Sam Nunn School of International Affairs Experts React to Singapore Summit
Posted June 13, 2018
By Michael Pearson
The Singapore summit between U.S. President Donald Trump and North Korean leader Kim Jong Un was a good start for the international effort to peacefully end North Korea’s nuclear program, but a long and uncertain road remains ahead, according to two Georgia Institute of Technology experts in global nuclear security.
In a joint statement issued at the end of their June 12, 2018 meeting in Singapore, Trump and Kim said North Korea had pledged to “work toward complete denuclearization of the Korean Peninsula,” but did not provide any specific details.
Here is what Rachel Whitlark, an assistant professor in the Sam Nunn School of International Affairs and Margaret E. Kosal, an associate professor in the Sam Nunn School of International Affairs, had to say about the summit’s outcome:
Whitlark: “A positive start”
“Certainly, Tuesday's events are helpful for continuing to ease tensions,” said Whitlark, who specializes in international security and foreign policy decision-making, including nuclear proliferation, counter-proliferation, and military intervention.
“Still, we should see this as the very beginning of a very long and complex process and it's not clear anything substantive will actually result from it,” she said.
In fact, she said, there’s even a risk that Trump’s surprise announcement that the U.S. would halt joint military exercises with South Korea could force Japan or South Korea to seek their own nuclear force to counter North Korea’s, should a deal fail to materialize.
The decision risks weakening the U.S. position in East Asia, which would allow China to step into a security vacuum there, she said.
“It's also strange because the North hadn't been publicly pushing for this recently so it seems to me like a concession the U.S. did not need to make,” she said.
North Korea previously has made promises similar to those in the joint statement, Whitlark said, most notably in 1994 when the country agreed to specifics such as ending plutonium production and a verification regime. Such items that were absent from Tuesday’s statement.
“So, in this sense, Trump got a whole lot less than his predecessors,” said Whitlark.
"Between getting the United States to halt the joint exercises and the legitimation that comes from even meeting the sitting U.S. president, the summit appears to be a strategic victory for the North," Whitlark said. "This is especially the case considering that, to date, they've actually not given anything up despite receiving a sizable amount in return."
Kosal: ‘Talking with enemies is better than not talking with them’
“The Singapore statement is weaker than any language since 1991 that has involved the U.S. and North Korea,” said Kosal, whose expertise is in national security and foreign policy with an emphasis efforts to reduce the threat of weapons of mass destruction, among other issues.
“Getting something signed is the easy part,” she said. “The hard work of implementation, execution, and verification is where the real metaphorical rubber meets the road ... what really matters.”
She said issues surrounding verification will make or break any detailed agreement on nuclear weapons held by North Korea, which is also known by the formal name of the Democratic Peoples’ Republic of Korea, or DPRK.
“Given the DPRK's track record, one should be very careful exercising an iota of trust,” she said, “Look for binding verification.” Negotiators must also seek to address North Korea’s offensive chemical and biological weapons programs, according to Kosal.
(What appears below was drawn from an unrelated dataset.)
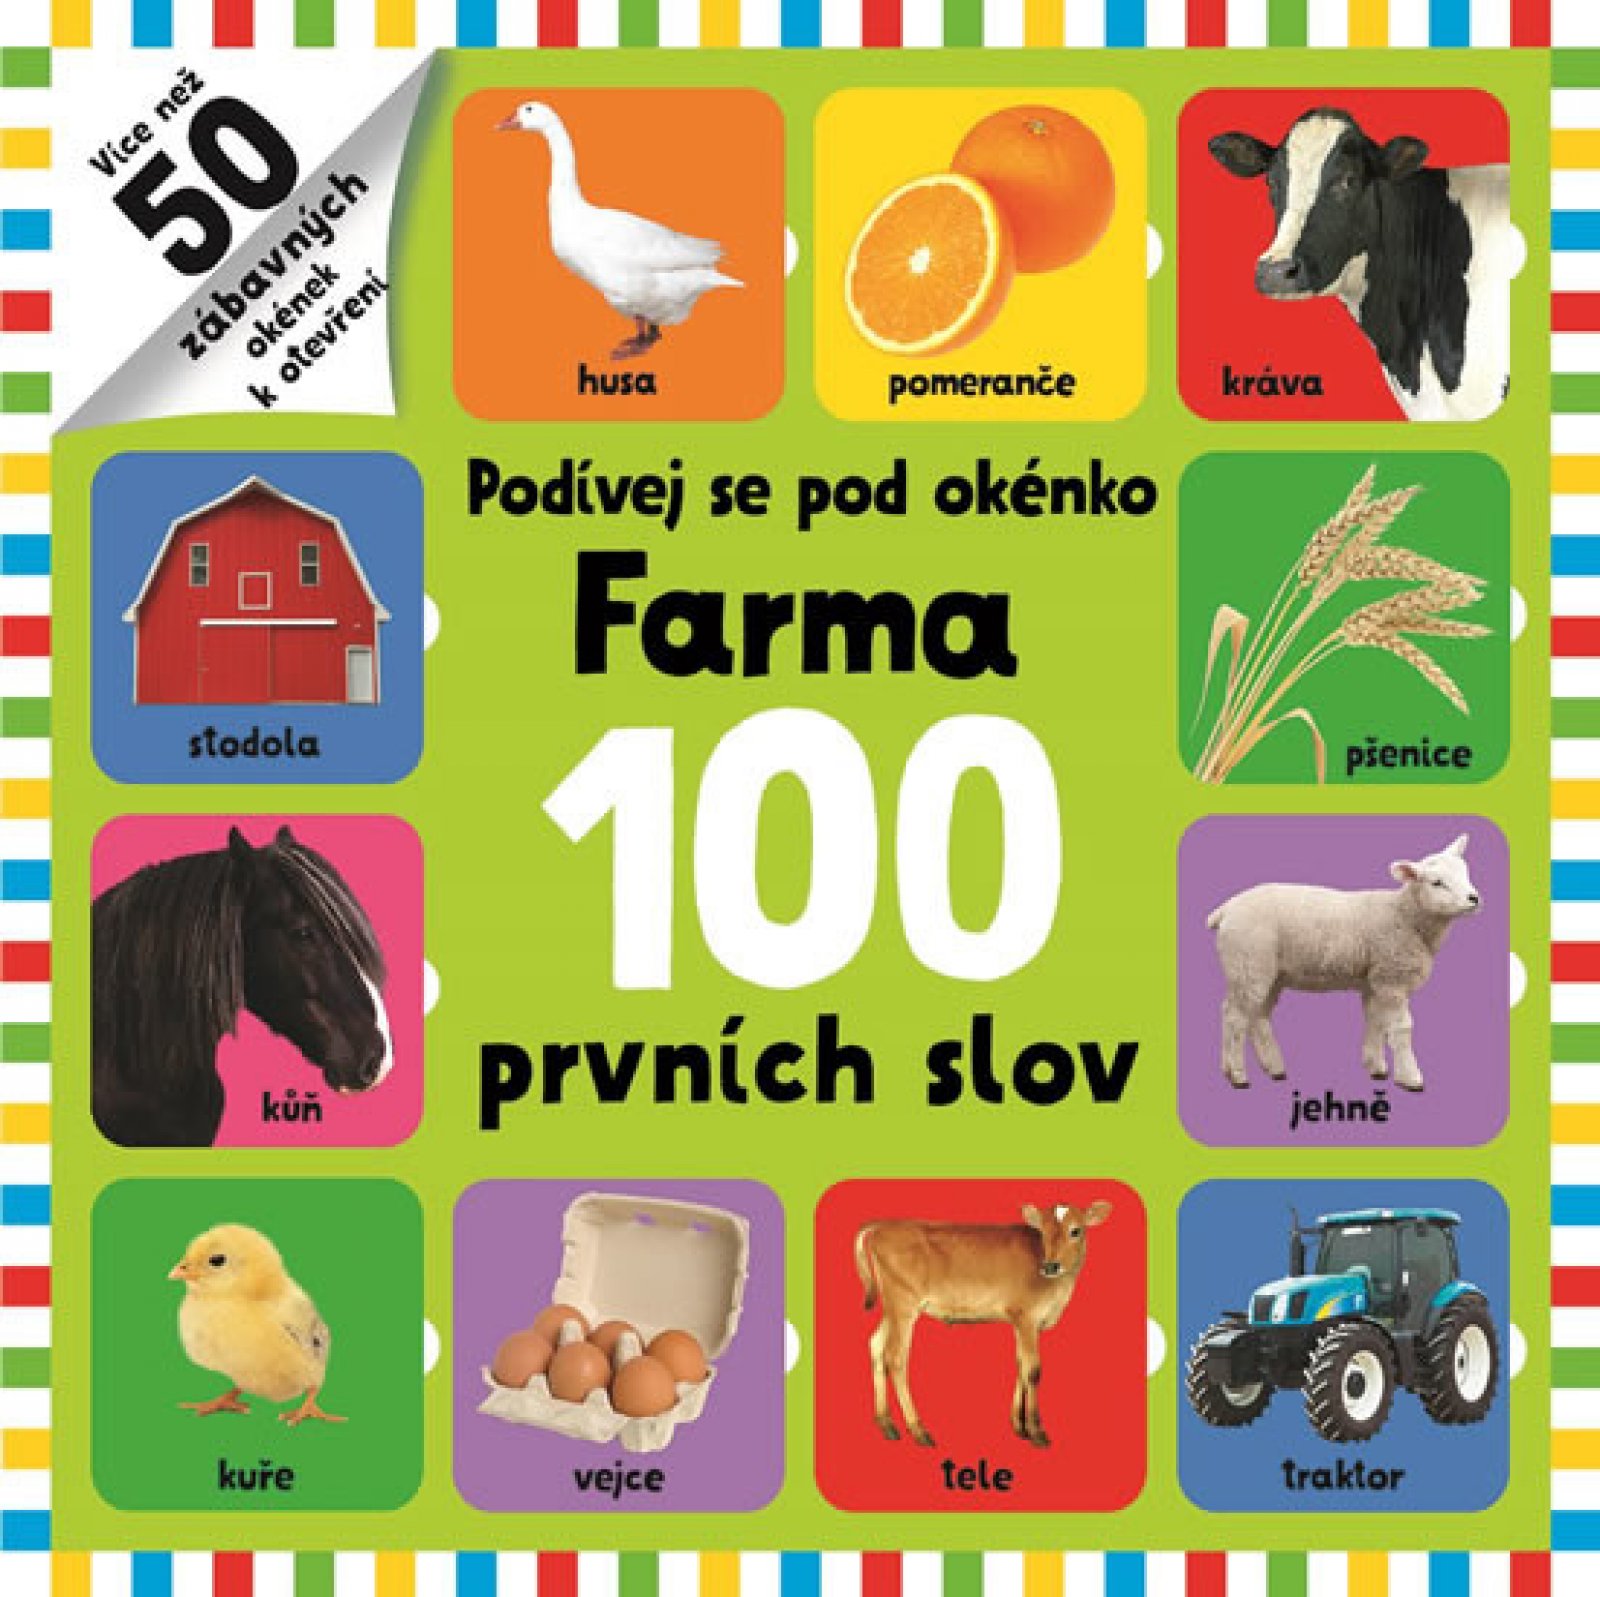 Podívej se pod okénko-Farma 100 prvních slov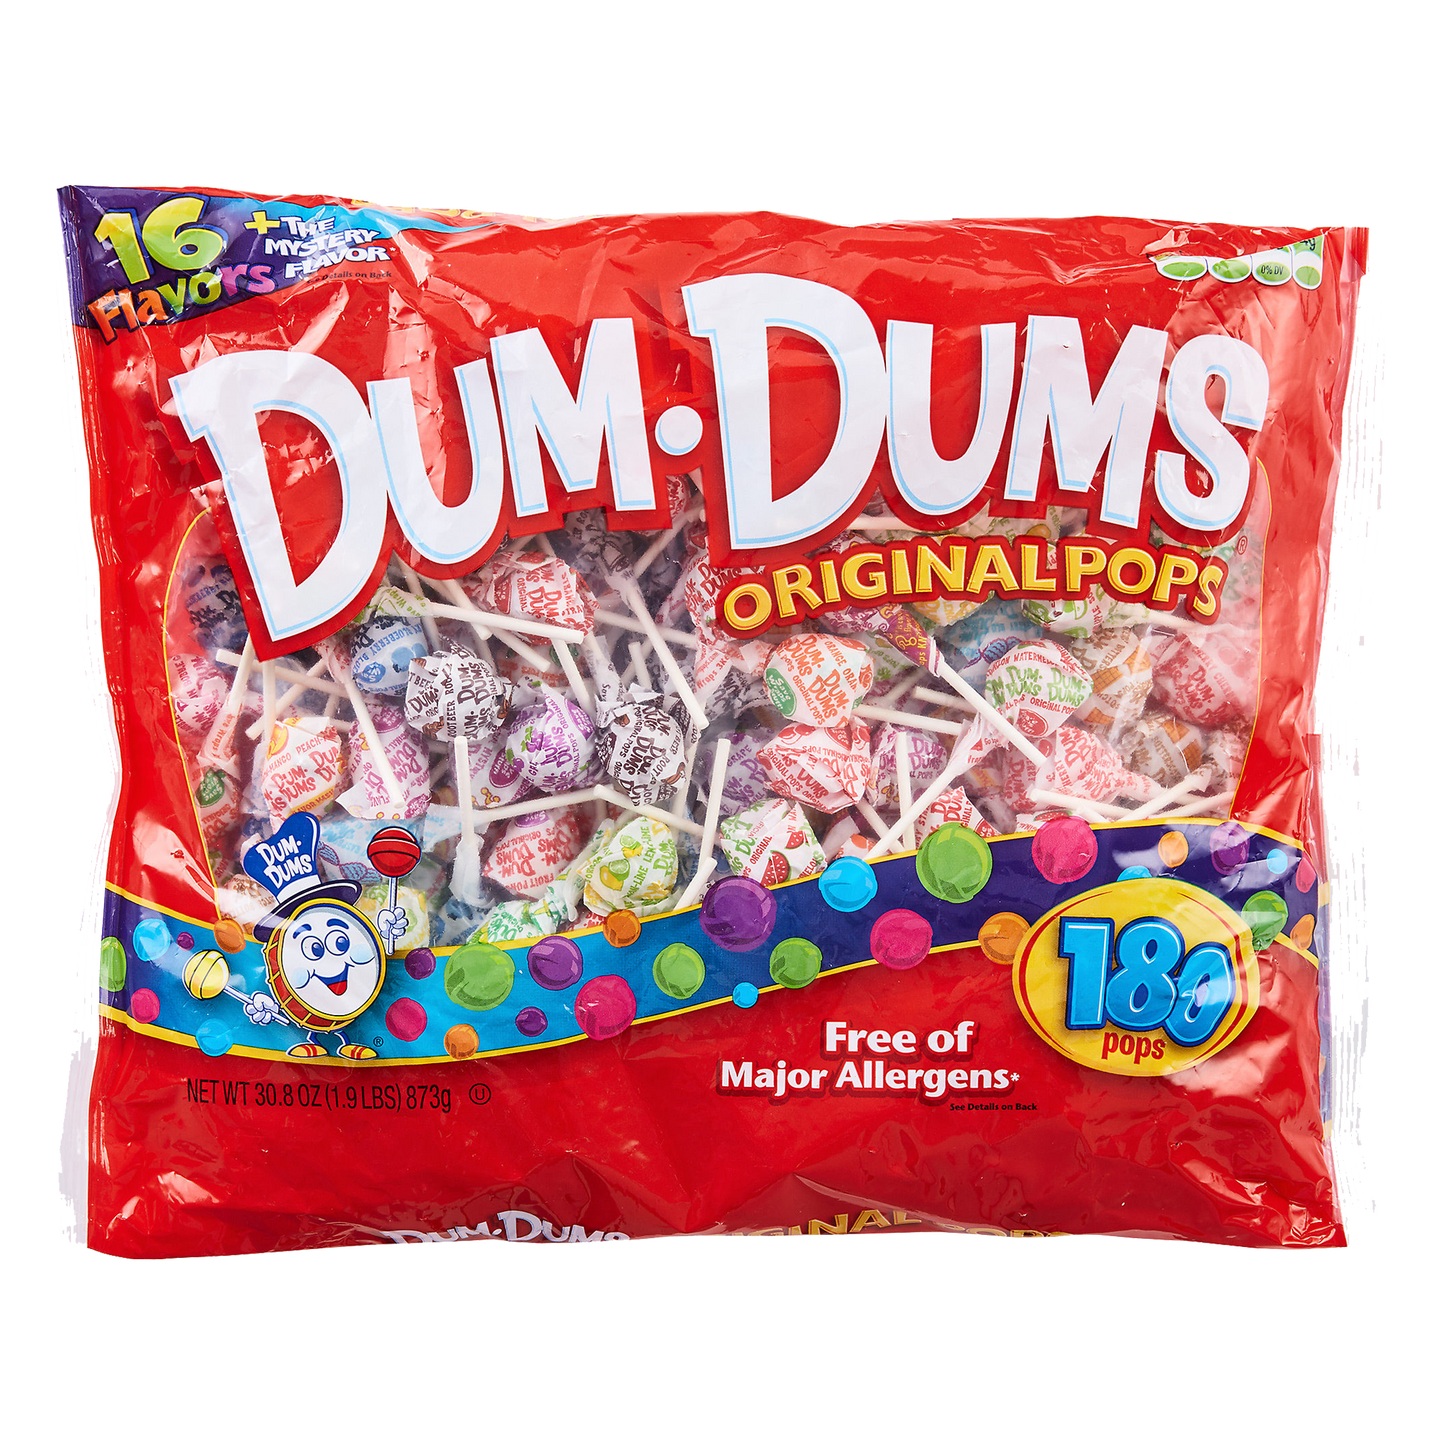 Dum Dums Original Pops 873g-180ct sold by American grocer Uk

Kosal said the U.S. decision to halt military exercises with South Korean forces will result in reduced readiness that benefits North Korea.
She also warned that the goal frequently stated by Trump administration officials — the “complete denuclearization of the Korean Peninsula,” is interpreted more broadly in North Korea than the elimination of its own nuclear weapons.
“To them, it also means the Republic of Korea and Japan no longer under the U.S. nuclear umbrella and an end to U.S. military command and control over Korean forces in wartime,” she said.